En un principio, esa anticipación servía para prepararnos, y para ello, buscamos en los recovecos de la mente en busca de asociaciones relevantes entre lo que conocemos del pasado y lo que nos imaginamos de ese futuro, para encontrar una solución creativa a un desafío por venir. Sin embargo, cuando nos atrapamos en esa espiral descendente de imaginación estancada, ya no creamos nuevas categorías de respuesta, no nos inventamos la posible solución, sino que amasamos una y otra vez, rumiamos solo un aspecto –relevante, sí– de la situación. El resultado suele ser una sensación de “viscosidad mental”, de dificultad para pensar, de limitación y profunda incapacidad.

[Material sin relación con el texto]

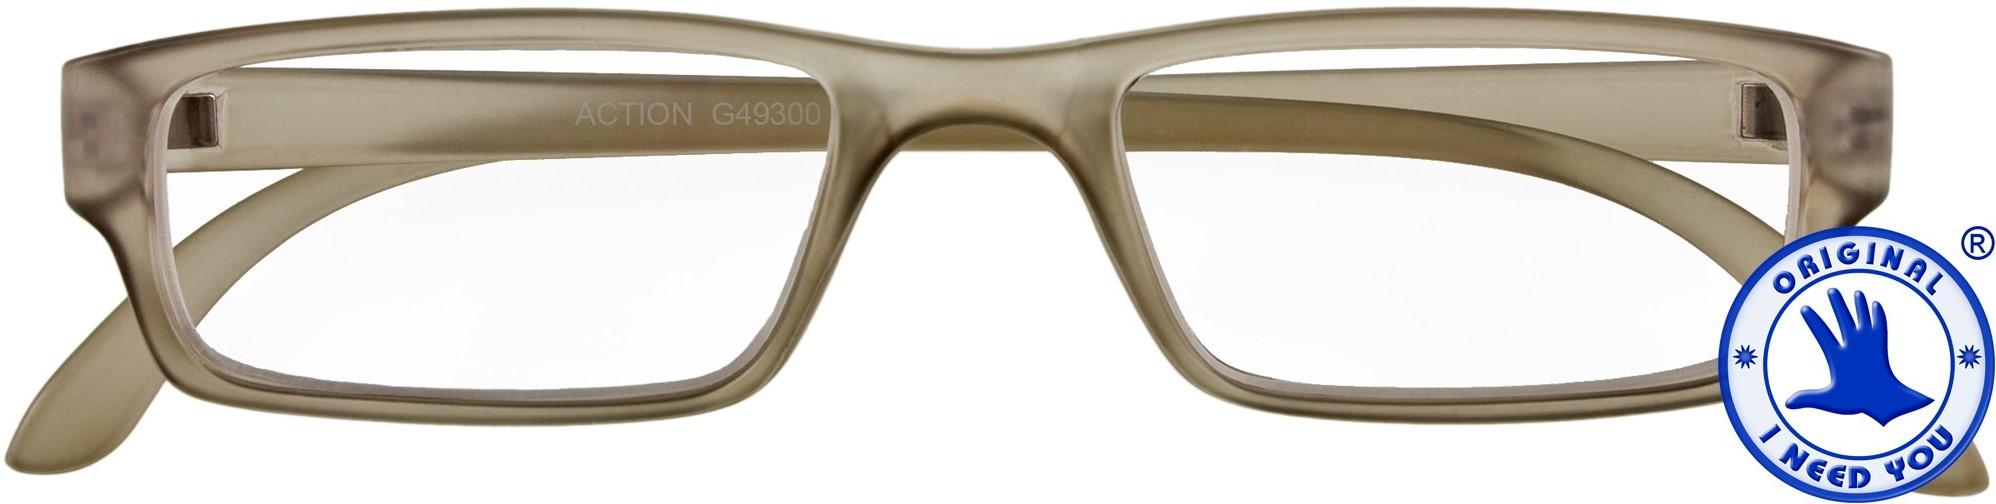 d5a9b71657269b Leesbril I Need You model Action kleur mat grijs sterkte +2.00dpt ...

Sin embargo, aún existe la posibilidad de reconectar con lo que empezamos a hacer al inicio de todo el proceso, y es que la exploración sigue estando ahí. Es el momento entonces de dejar de intentar encontrar soluciones y volver a centrarse en uno mismo, una misma, cambiar de actividades para que los estímulos sean nuevos, que entre aire fresco a nuestra búsqueda de adaptación. También es el momento de cambiar de escenario para pensar desde otro lugar, lo que sucederá gracias a las sensaciones propias de ese otro lugar.
Y quizá lo más importante, recordar que lo que sea que nos atormenta, todavía no ha pasado y, si encontramos la manera de reconectar con nuestras capacidades, deseo, incluso nuestro propio cuerpo, también recuperaremos la capacidad de que la imaginación estancada empiece a fluir de nuevo.